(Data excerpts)
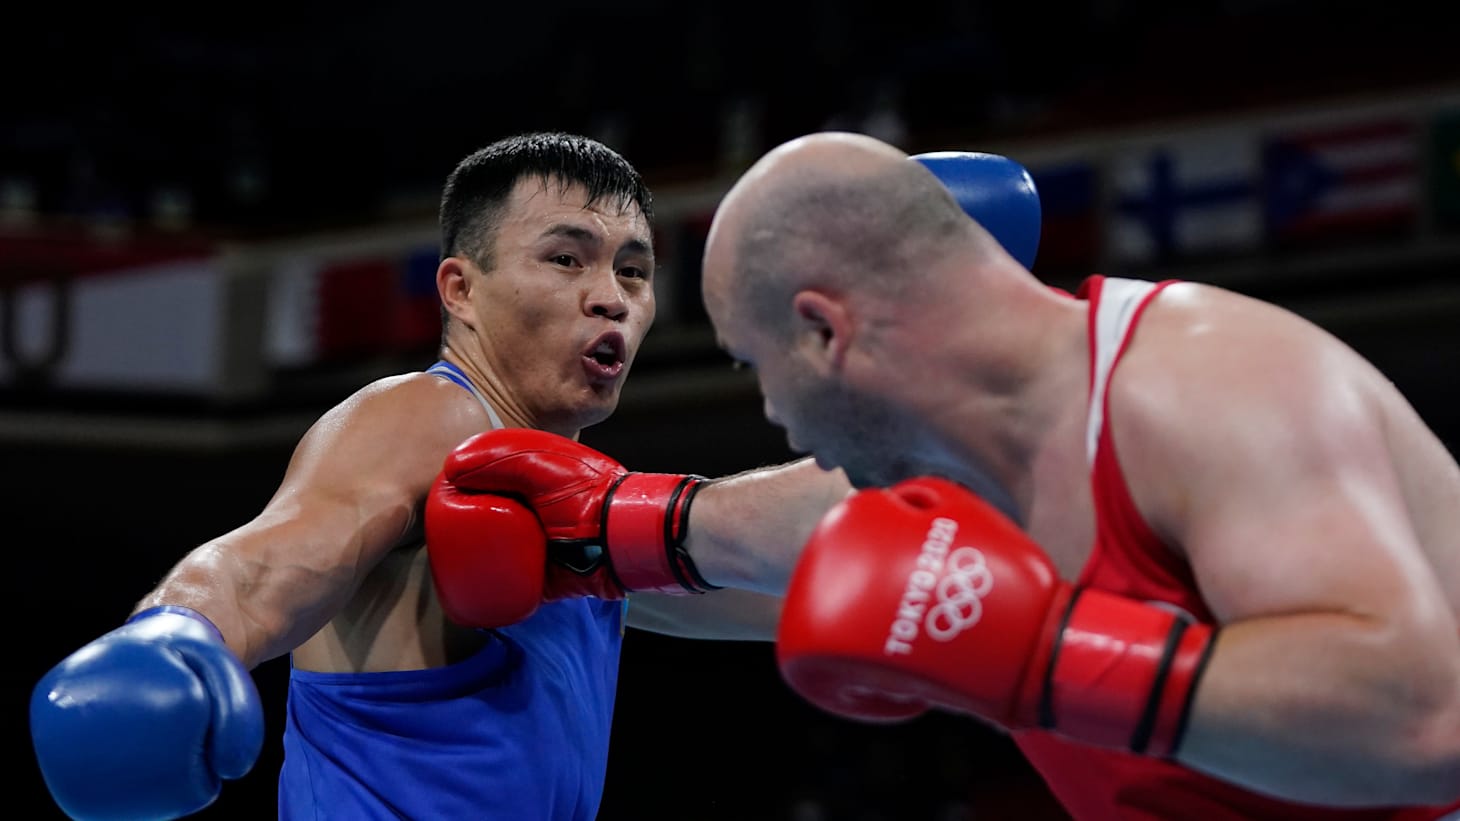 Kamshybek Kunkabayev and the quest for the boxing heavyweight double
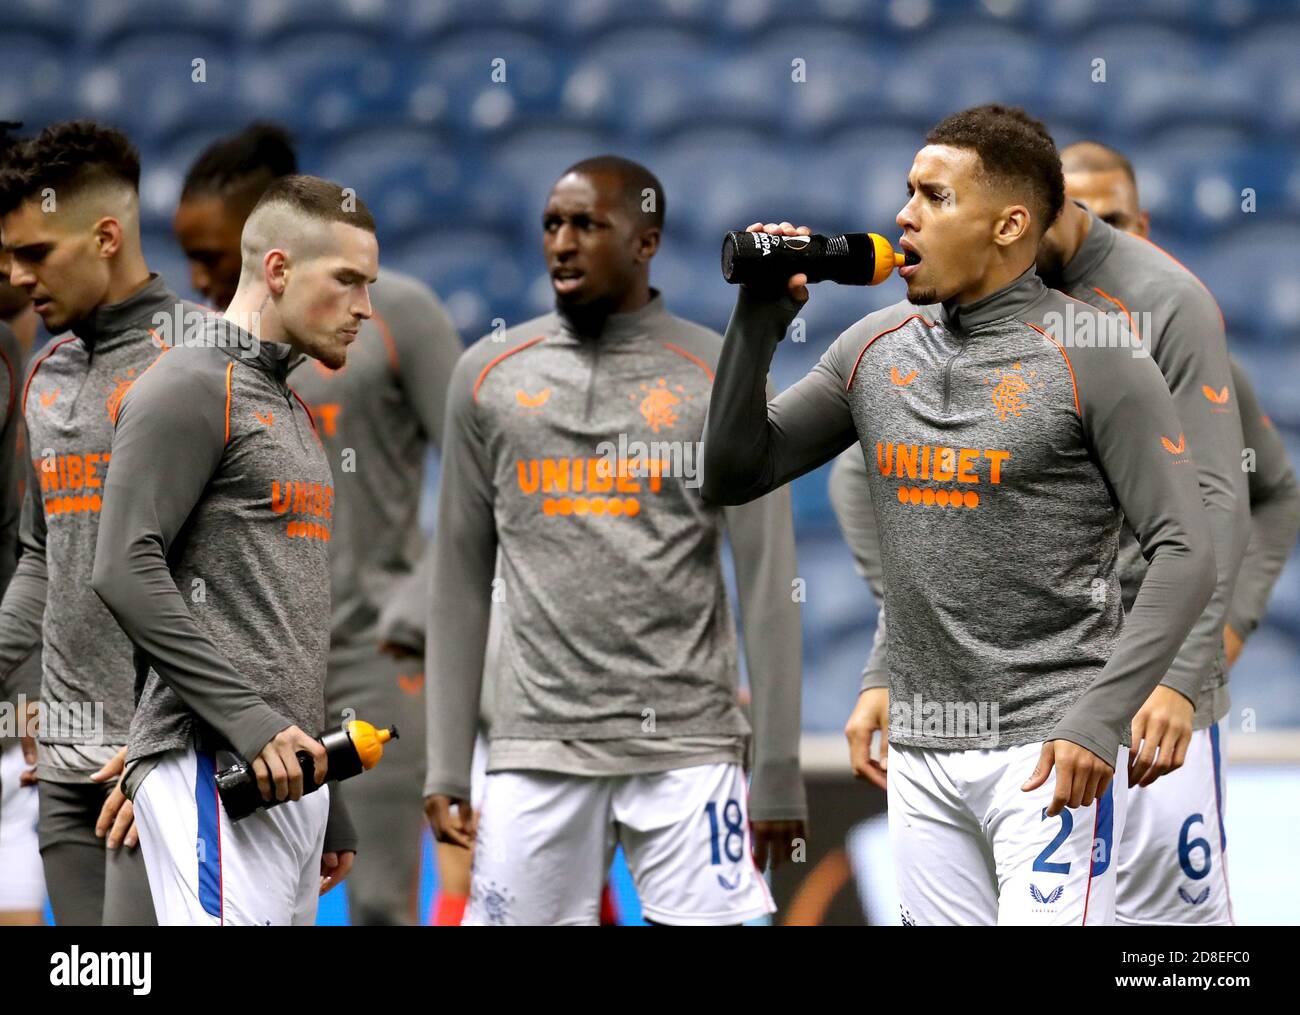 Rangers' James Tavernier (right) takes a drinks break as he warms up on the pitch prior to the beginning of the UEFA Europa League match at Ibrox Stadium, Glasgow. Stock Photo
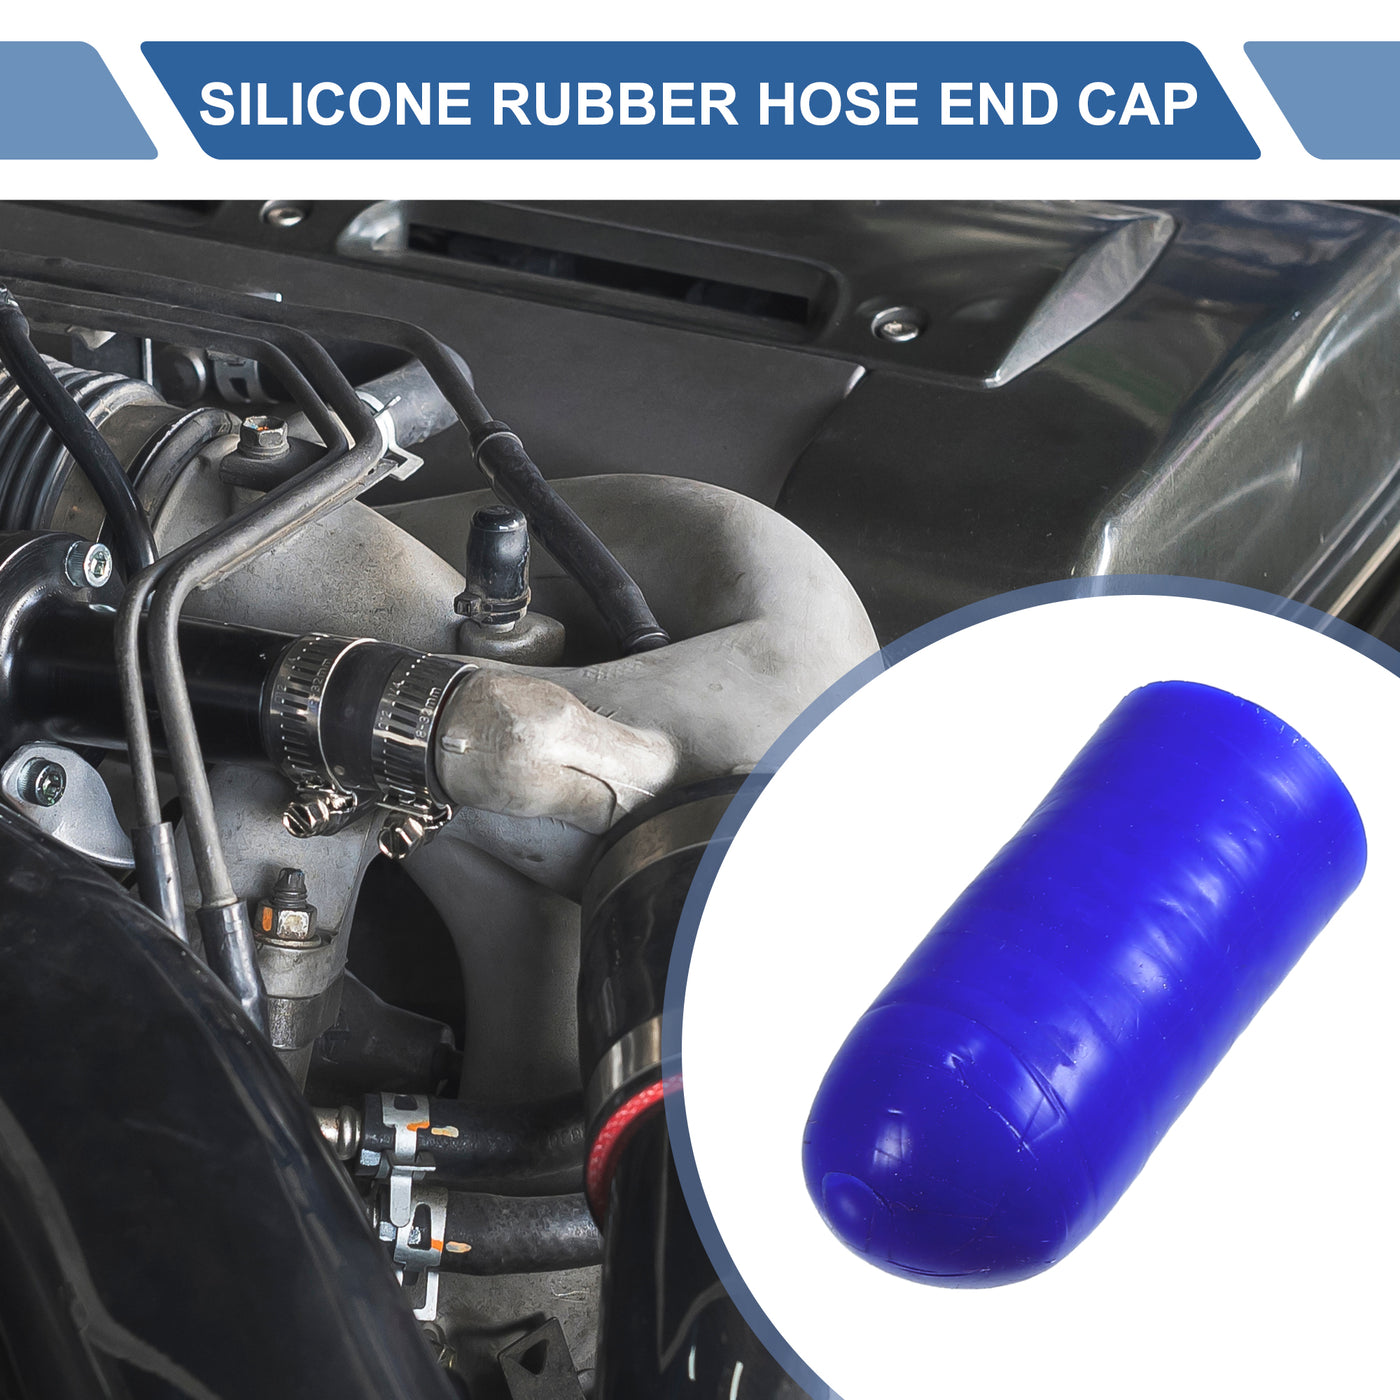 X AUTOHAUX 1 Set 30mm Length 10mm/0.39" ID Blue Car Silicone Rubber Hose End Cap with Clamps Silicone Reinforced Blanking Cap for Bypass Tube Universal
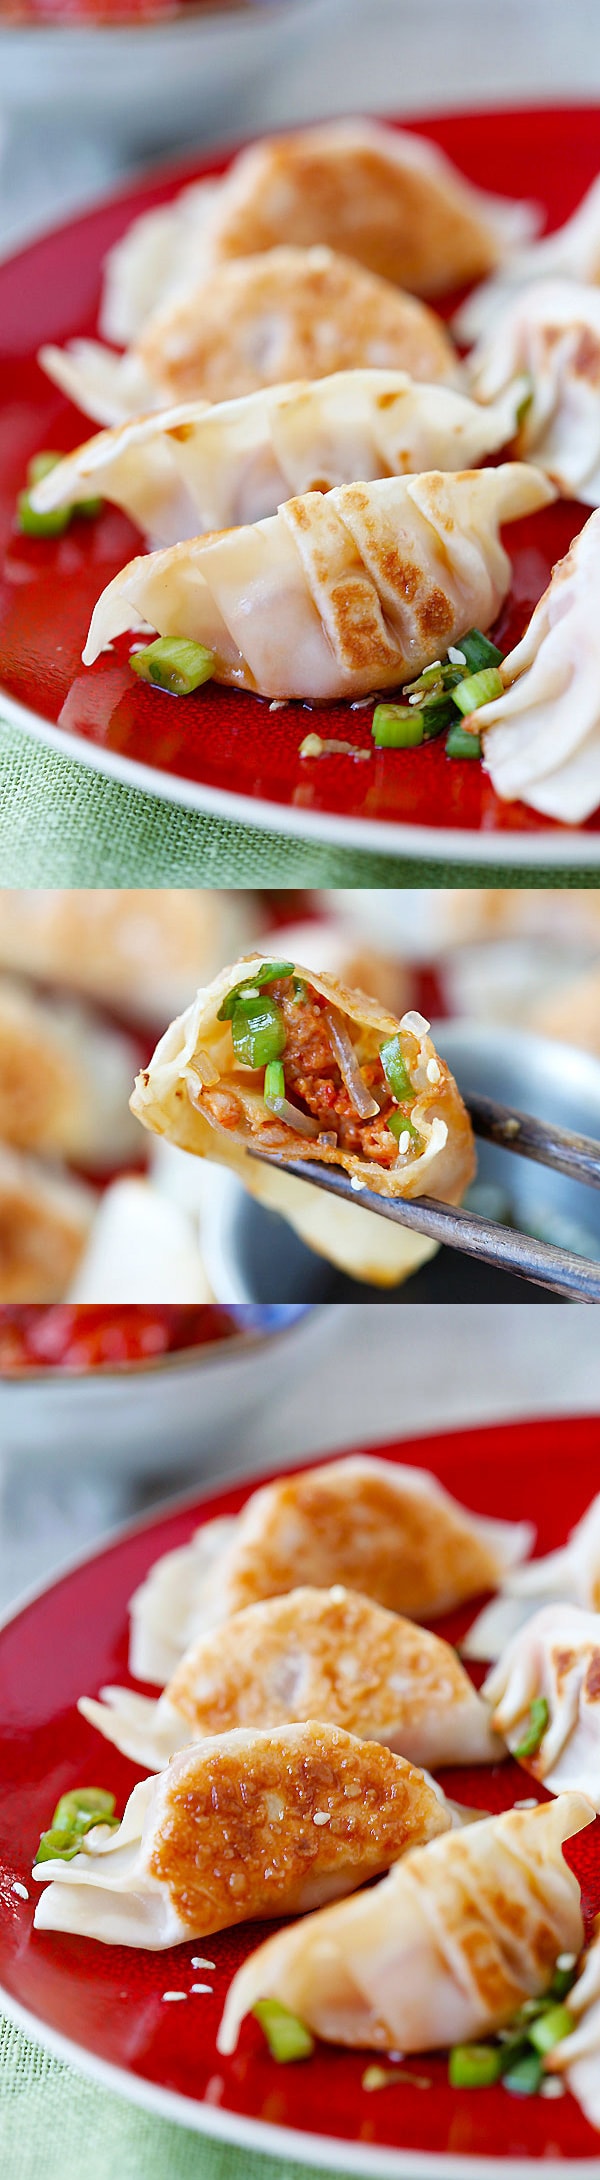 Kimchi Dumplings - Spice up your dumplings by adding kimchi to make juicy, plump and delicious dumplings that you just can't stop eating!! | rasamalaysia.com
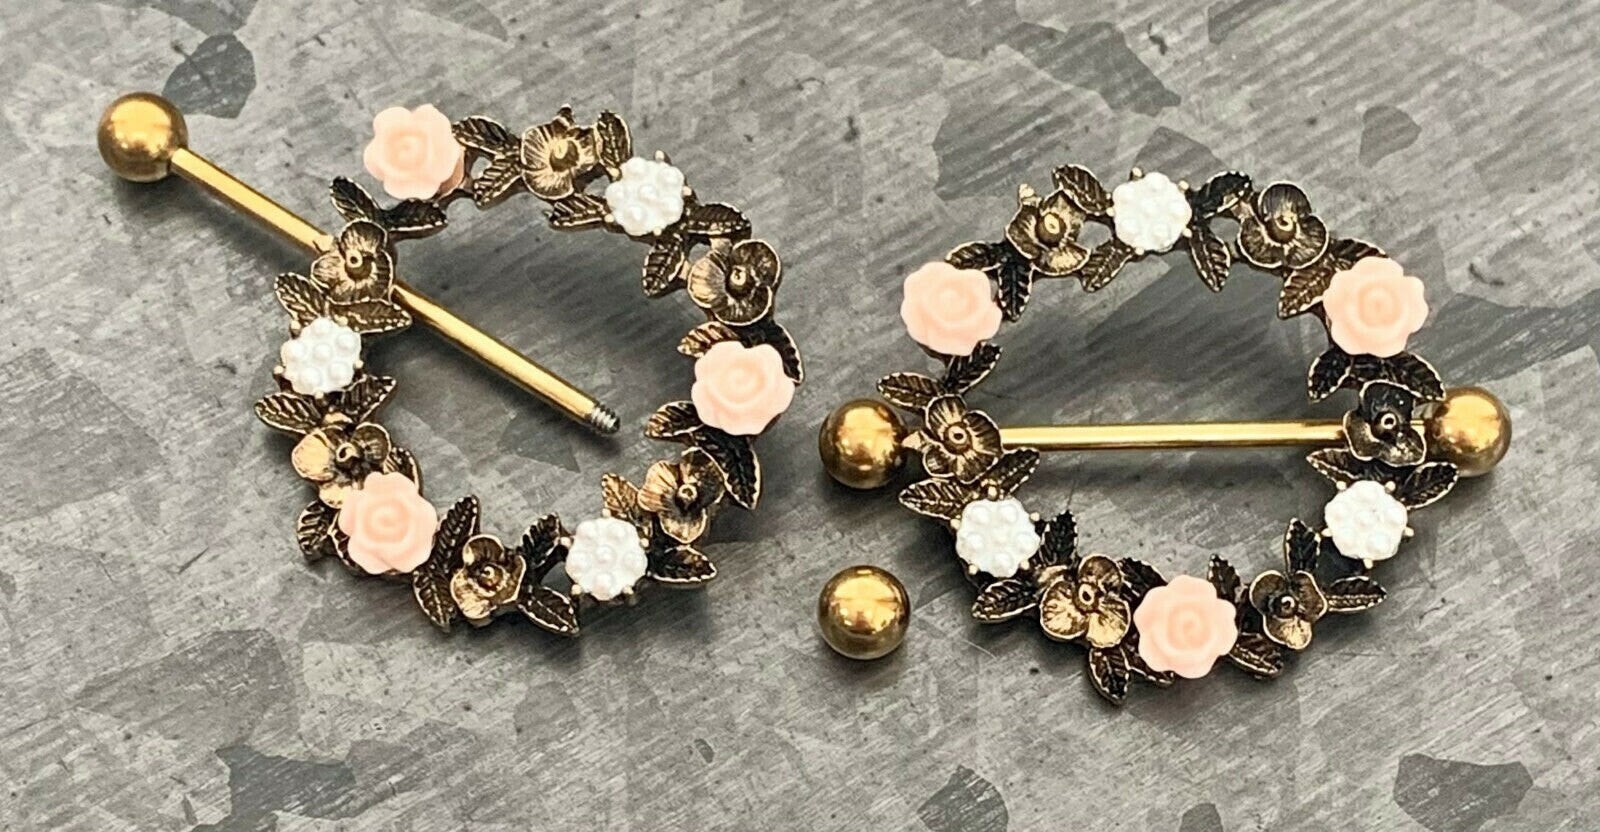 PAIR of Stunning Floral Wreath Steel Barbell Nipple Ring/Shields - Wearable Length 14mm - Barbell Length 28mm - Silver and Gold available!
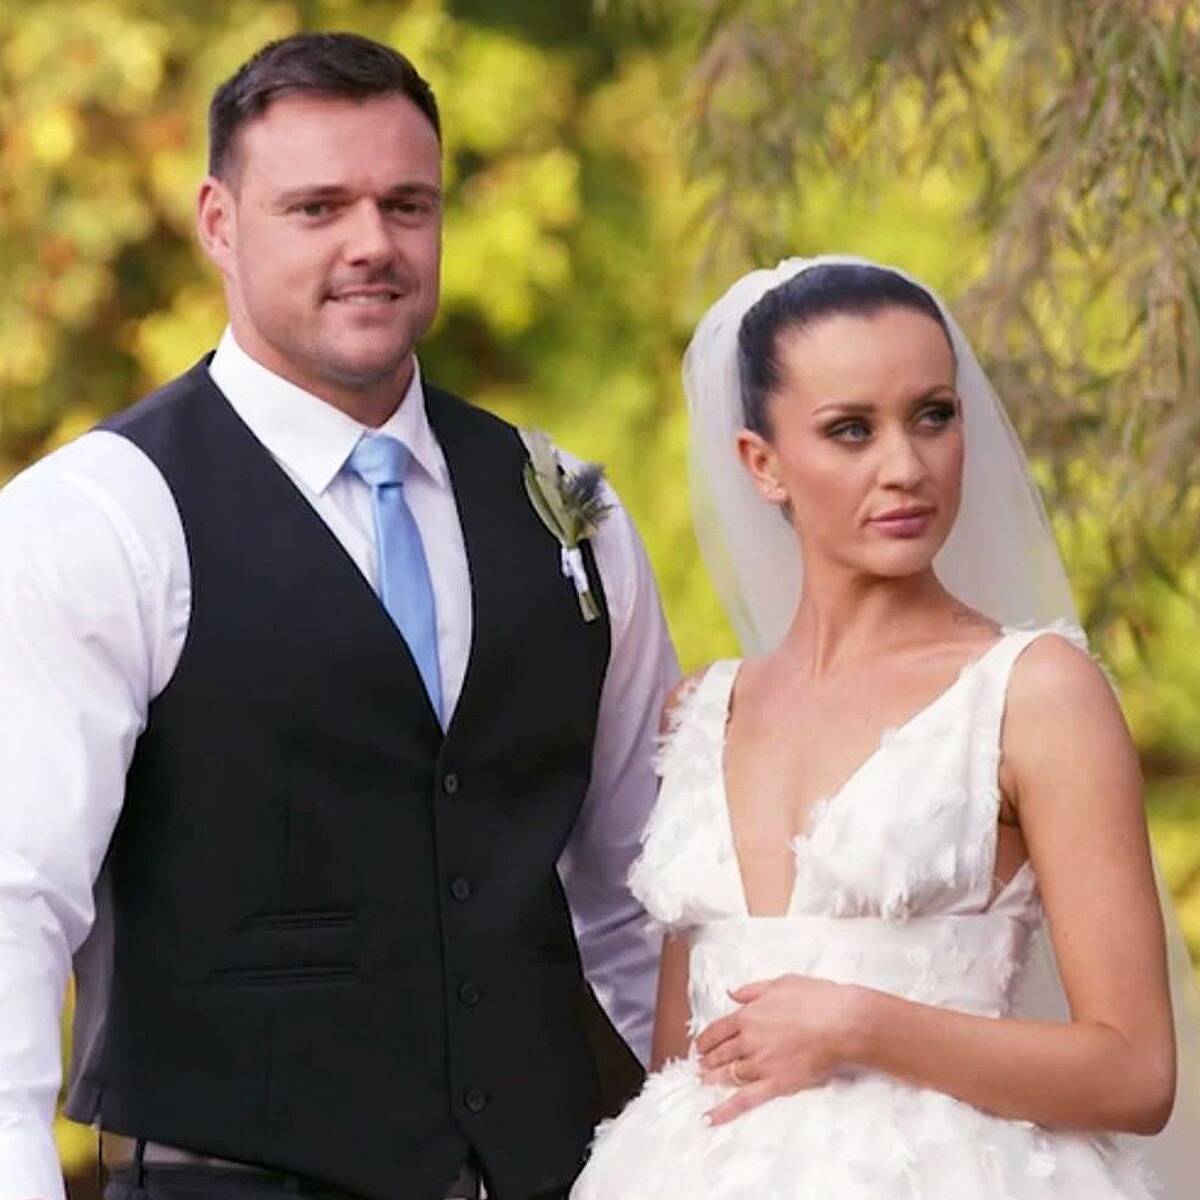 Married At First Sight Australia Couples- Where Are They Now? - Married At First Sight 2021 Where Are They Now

— TASK GOAL —
Exactly the lines from the one with "X AUTOHAUX 1" through the end of the records are to be repeated, both ends included, and pictures are to be omitted.

— THE COMPLETED TASK —
 X AUTOHAUX 1 Set 30mm Length 10mm/0.39" ID Blue Car Silicone Rubber Hose End Cap with Clamps Silicone Reinforced Blanking Cap for Bypass Tube Universal
 Kimchi Dumplings - Spice up your dumplings by adding kimchi to make juicy, plump and delicious dumplings that you just can't stop eating!! | rasamalaysia.com
 PAIR of Stunning Floral Wreath Steel Barbell Nipple Ring/Shields - Wearable Length 14mm - Barbell Length 28mm - Silver and Gold available!
 Married At First Sight Australia Couples- Where Are They Now? - Married At First Sight 2021 Where Are They Now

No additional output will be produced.